Valentine, with the thick fuzzy head and the muffled hearing of someone who'd been a little too near a blast, saw another harpy fall, brought down by the truck behind. The flock, perhaps not liking the punishment being handed out with little to show for it, turned and gathered to the east, doing a sort of whirling corkscrew aerial conference.

"Eyes on the road," Patel bellowed at the driver.

A pushed-over tree blocked the road.

The driver braked hard, and the truck jumped to a tune of squealing brakes. The Wolf on the front, evidently uninjured but stunned by the explosion, was thrown by the sudden braking, struck the trunk of the downed tree, and went heels-over-head onto the other side of the trunk.

Valentine, more or less secured by the bungees, lost nothing but his dignity as he saw himself swinging, holding on to the bars over the passenger window.

Patel was already out of the truck, running with a first aid kit.

Valentine saw a big, wide-winged shape flapping away low. He raised his gun, aimed, and fired at the big target.

The gargoyle lurched but kept flapping.

Valentine swore. The big, soft-nosed bullet should have brought it down. His old marksmanship trainer in the Labor Regiment had promised the kick in the shoulder was nothing to what the target experienced. He'd seen a round take a softball-sized chunk of flesh out of a wild pig. He must have just clipped it on a limb.

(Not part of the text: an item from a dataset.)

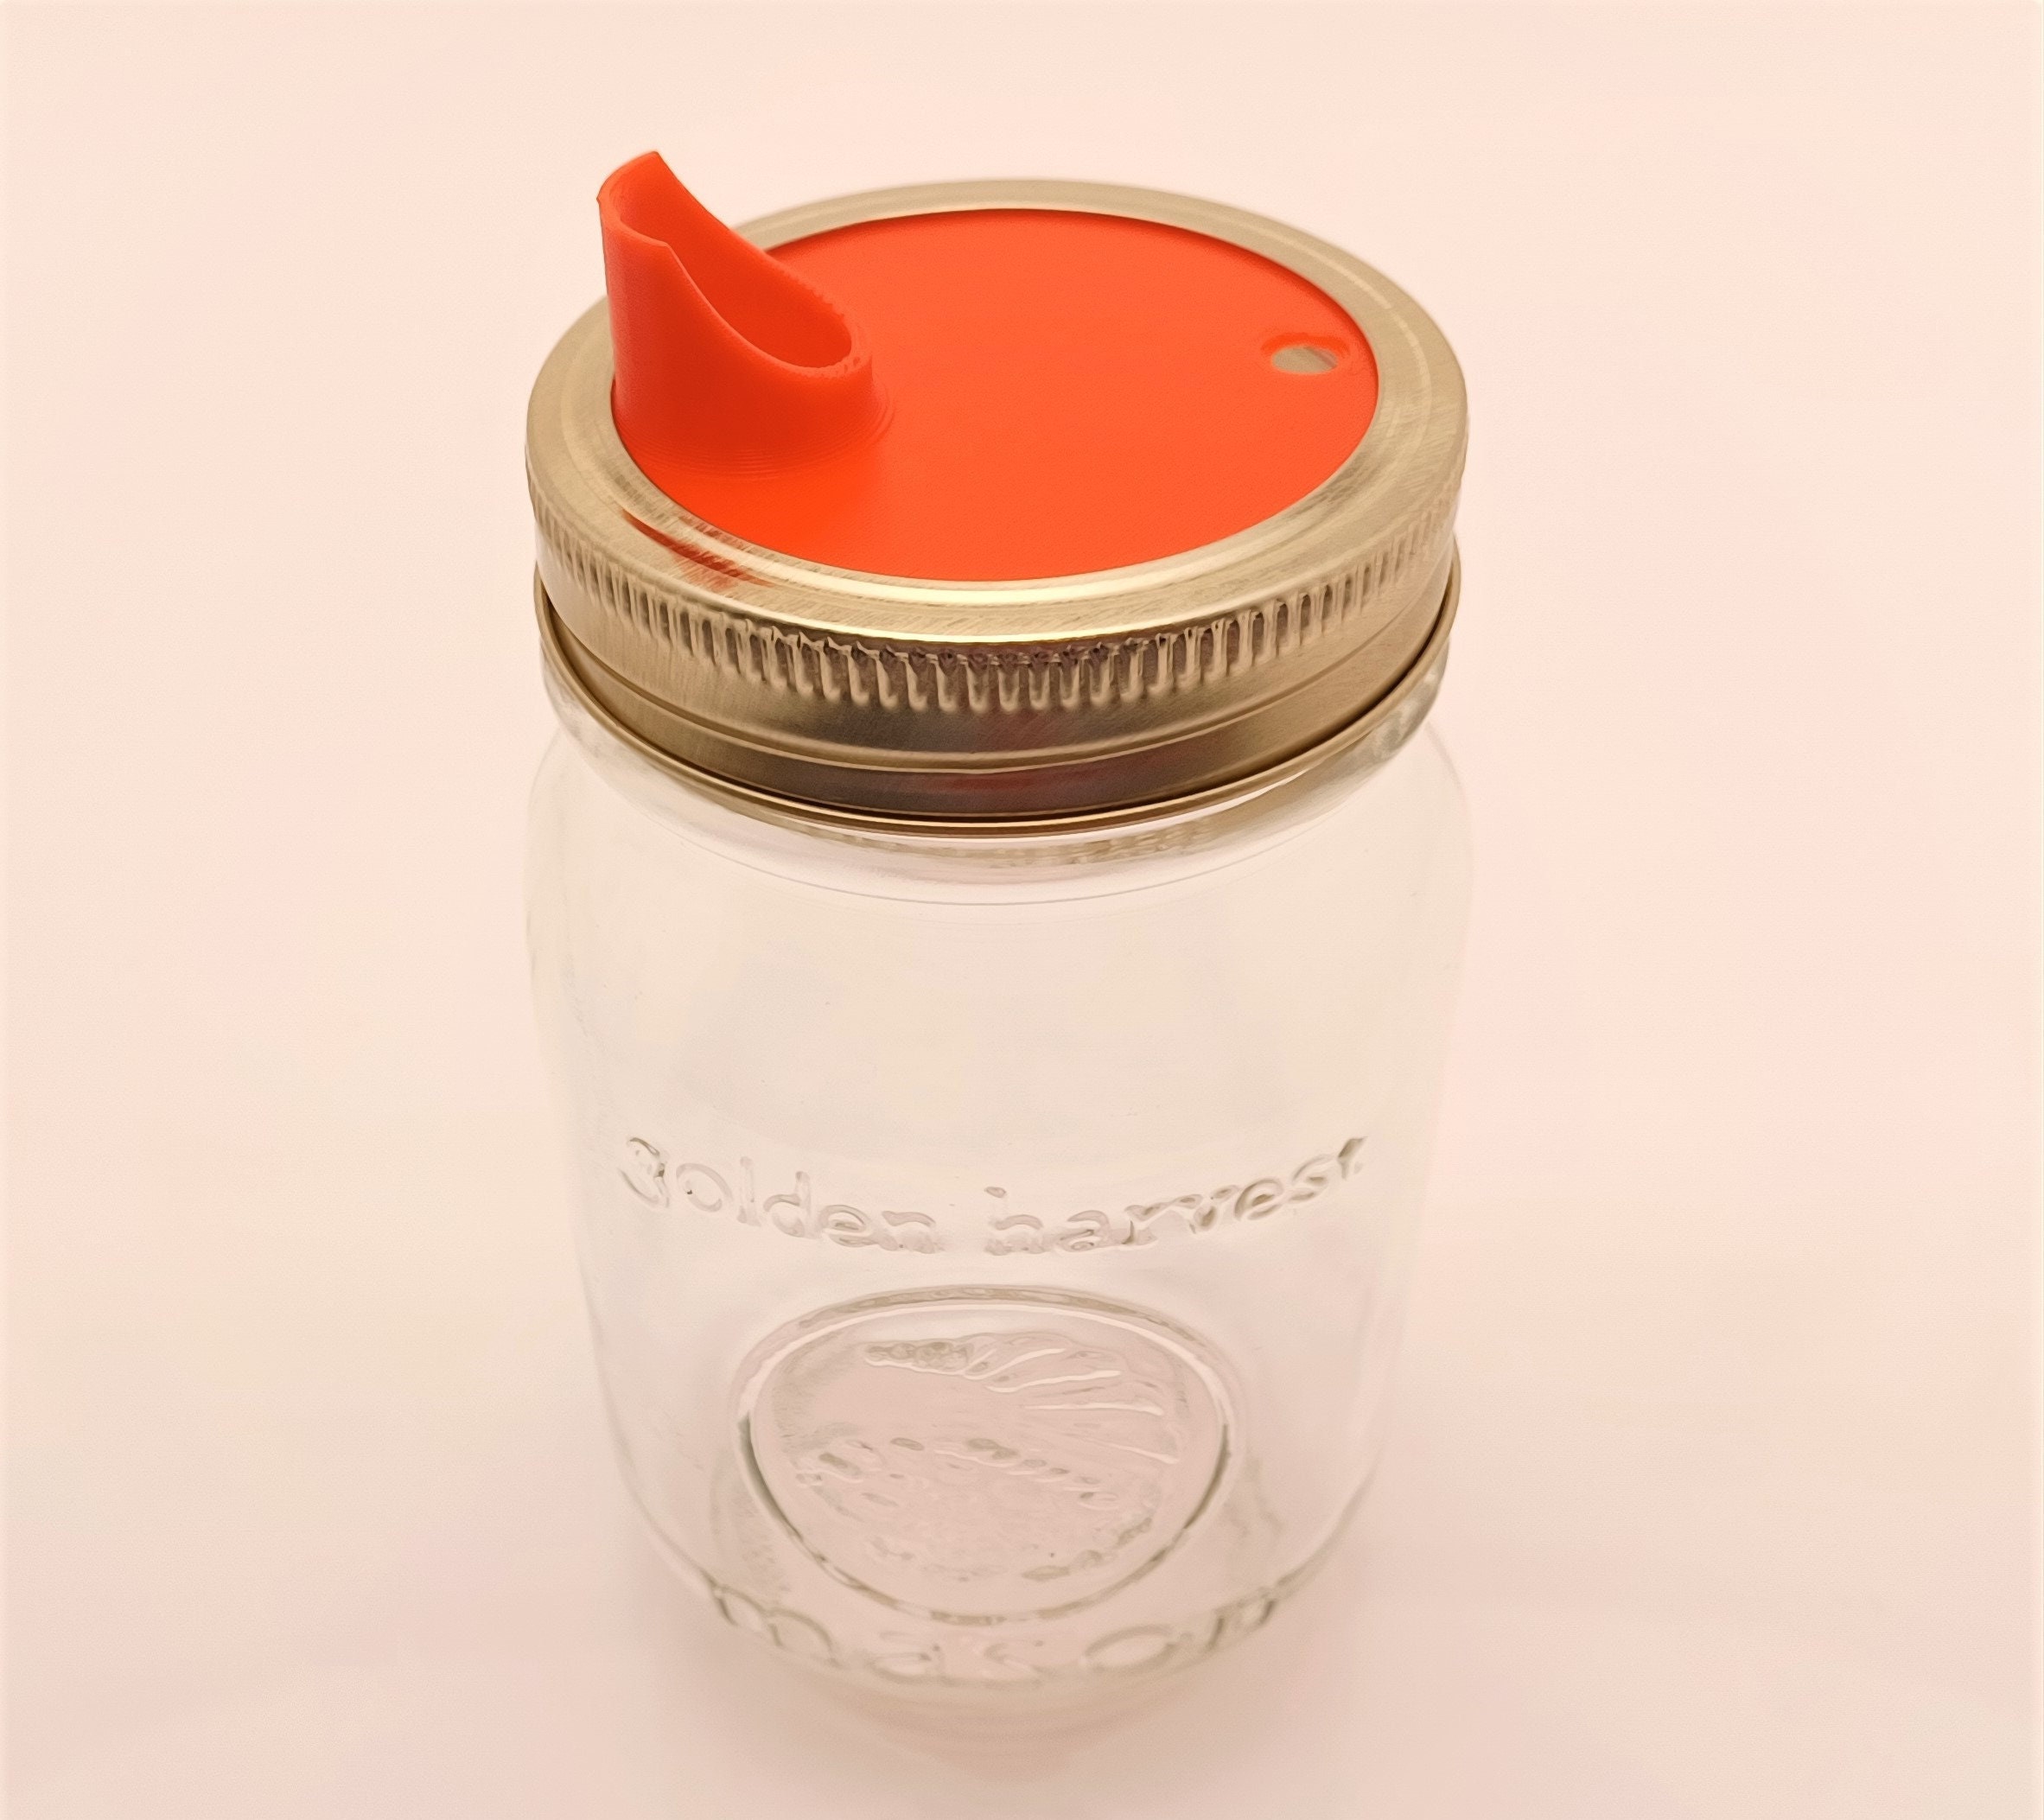 Blender Pitcher Pour Spout Cover Transparent Flap Lid Jar Top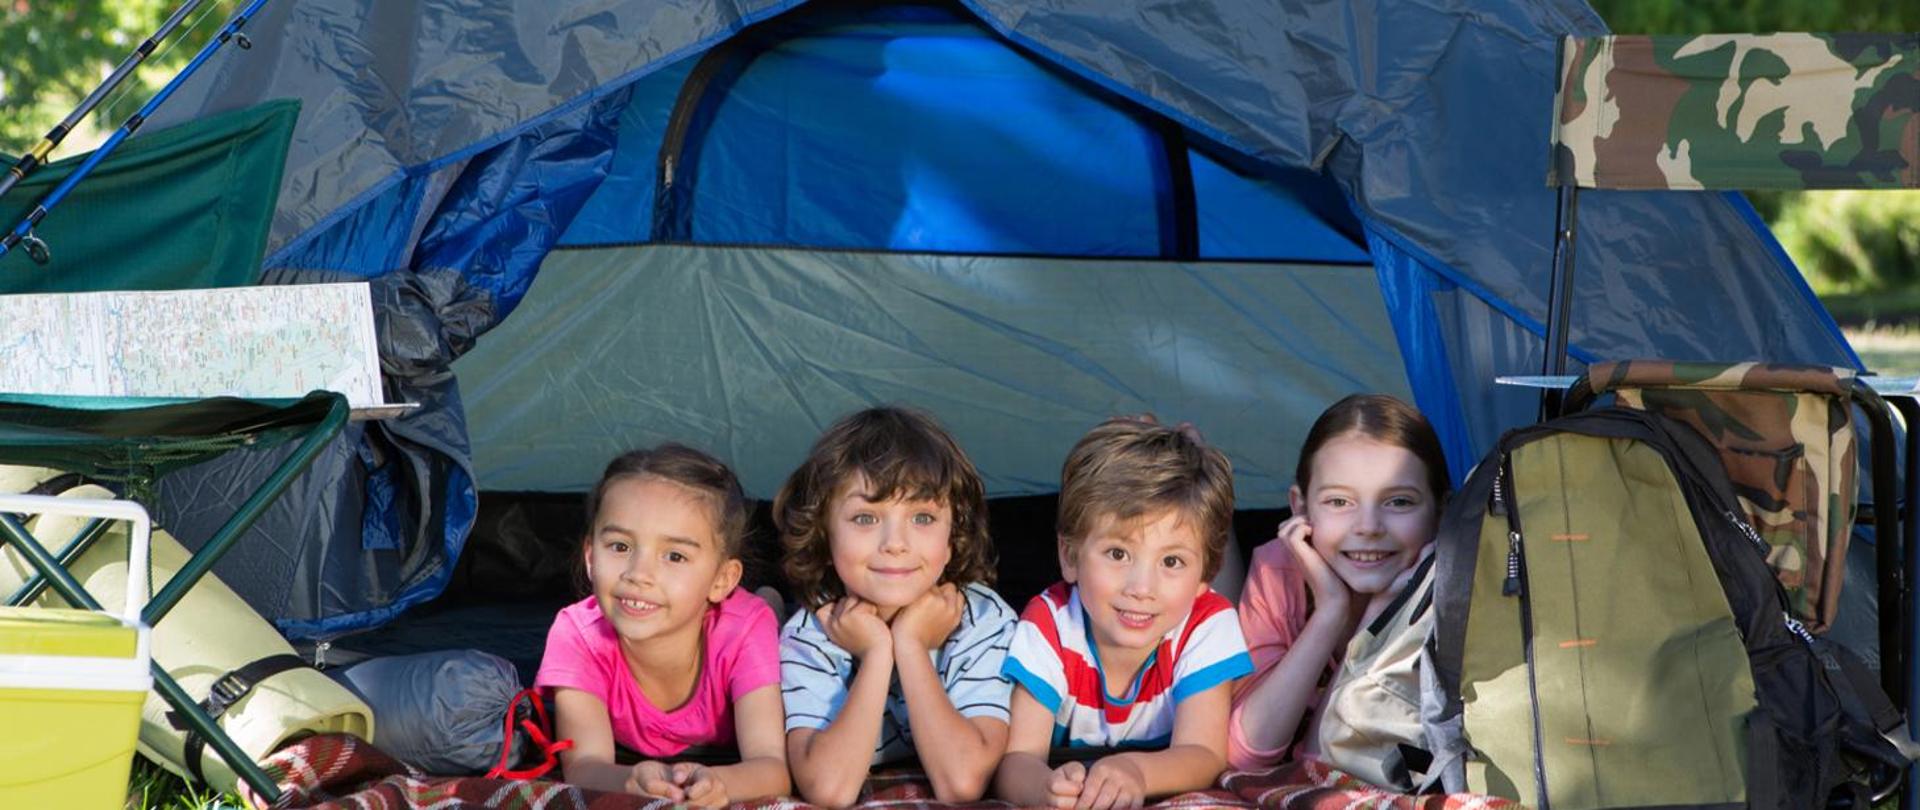 Czwórka uśmiechniętych dzieci leżących w niebieskim namiocie

It disappeared behind a line of trees.

Valentine looked at the roadblock.

What kind of super-gargoyle could push over a tree? Nothing short of a Reaper could.

Valentine looked at the tangle of old, weatherworn roots. The tree had been downed some time ago and moved off the road. The gargoyle had simply moved it back. Still, an incredible display of strength. Their flying arms were supposed to be powerful.

Worse, the harpies were heartened by the stationary trucks. They formed a new shadow, and then an arrow, pointed straight at the delayed trucks.

"Get that tree out of the way," Valentine shouted.

The men piled out of the trucks while the other Wolf helped Patel with the injured man.